When a worker covered by workers’ compensation makes a claim against a third party, the workers’ compensation insurance retains the right to subrogate against any recovery from that third party for all benefits paid to or on behalf of a claimant injured at work. When subrogating for more than basic medical and indemnity benefits, the Texas workers’ compensation subrogation statute provides that “the net amount recovered by a claimant in a third‑party action shall be used to reimburse the carrier for benefits, including medical benefits that have been paid for the compensable injury.” TX Labor Code § 417.002.

In fact, all 50 states provide for similar subrogation. However, none of them precisely outlines which payments or costs paid by a compensation carrier constitute “compensation” and can be recovered. The result is industry-wide confusion and an ongoing debate and argument with claimants’ attorneys over what can and can’t be included in a carrier’s lien for recovery purposes.
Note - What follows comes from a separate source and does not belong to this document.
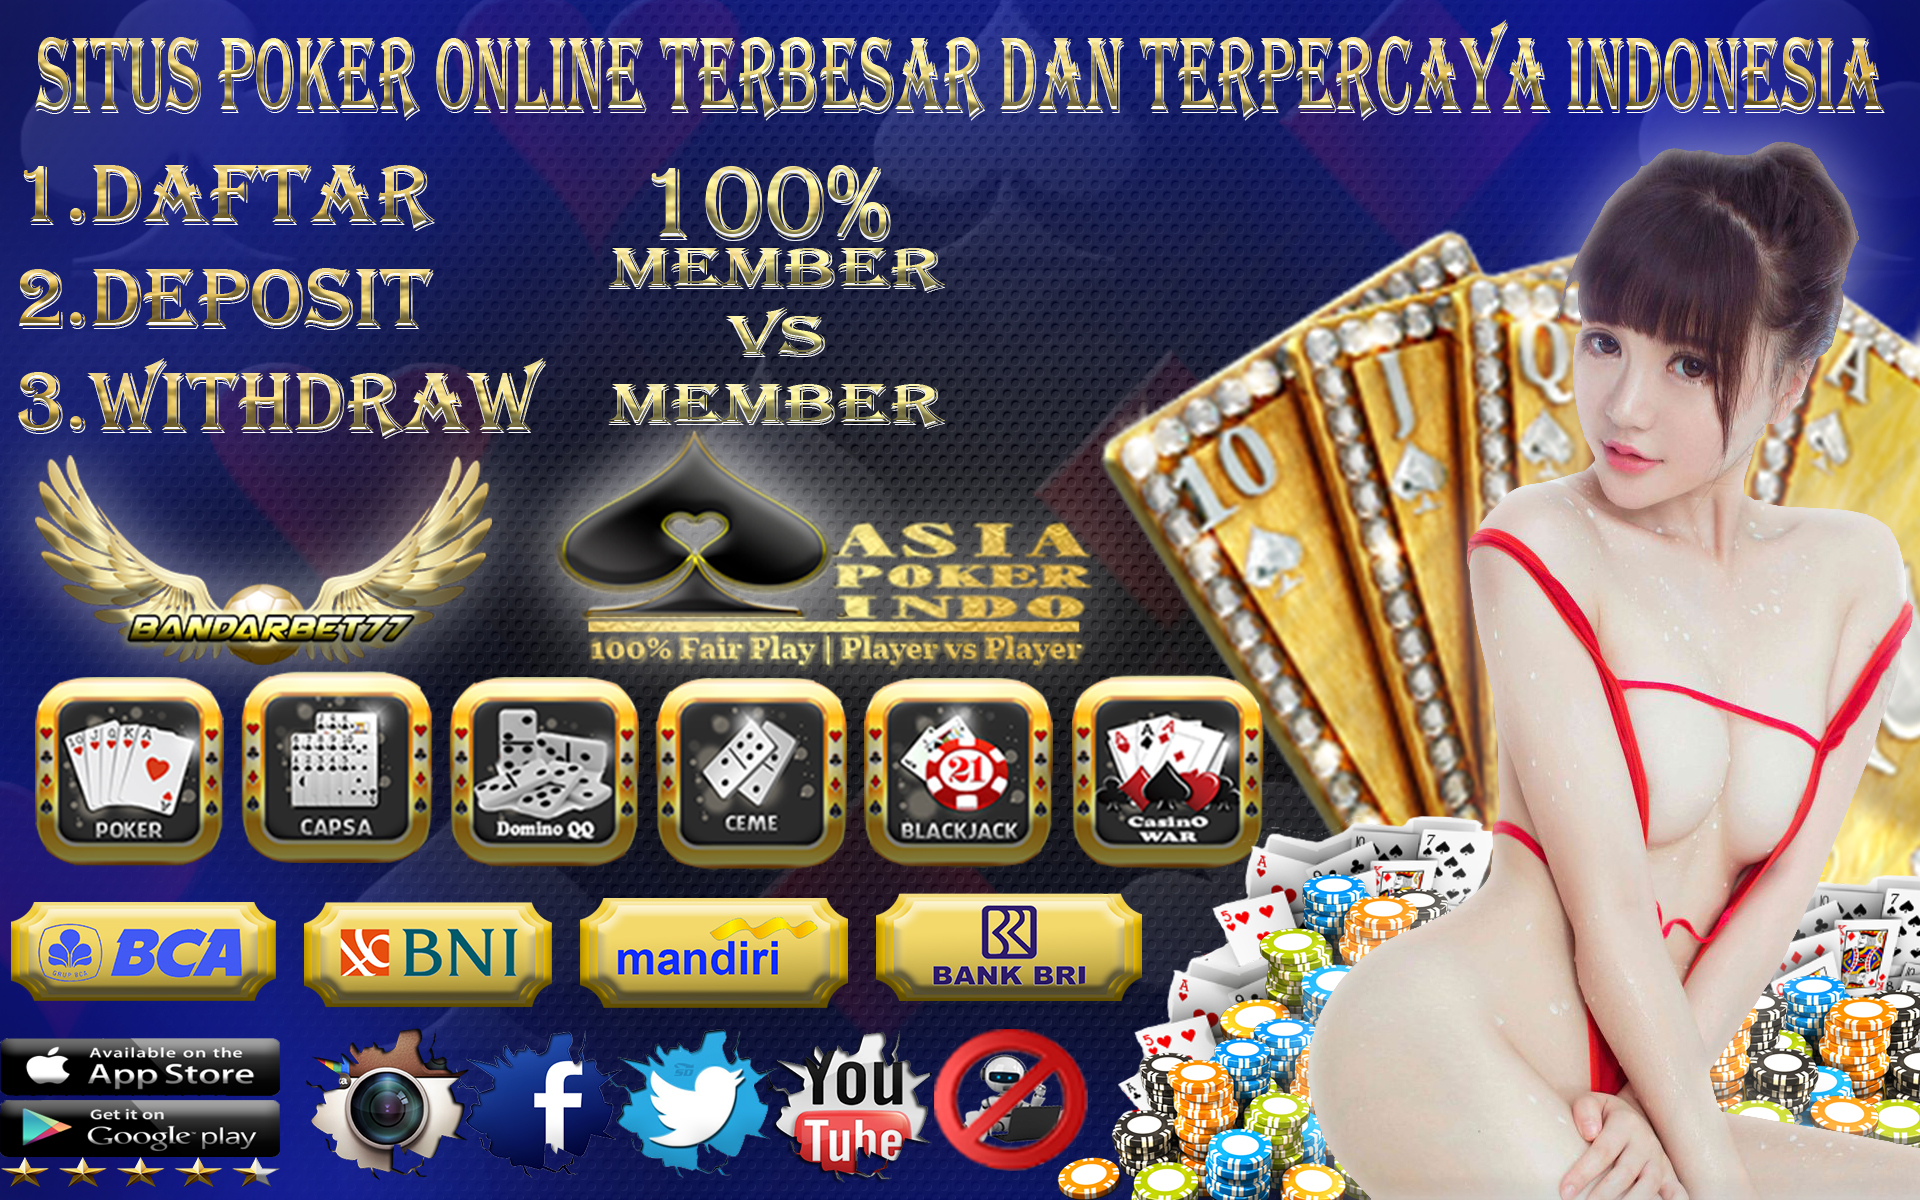 Situs Poker Online 100% Member Vs Member Indonesia

In addition to medical expenses, death benefits, funeral costs and/or indemnity benefits for lost wages and loss of earning capacity resulting from a compensable injury, workers’ compensation insurance carriers also expend considerable dollars for case management costs, medical bill audit fees, rehabilitation benefits, nurse case worker fees, and other similar fees. They also incur other expenses in conjunction with the handling and adjusting of workers’ compensation claims. Workers’ compensation carriers typically assert, of course, that, they are entitled to reimbursement for such expenditures when it recovers its workers’ compensation lien. Injured workers and their attorneys disagree.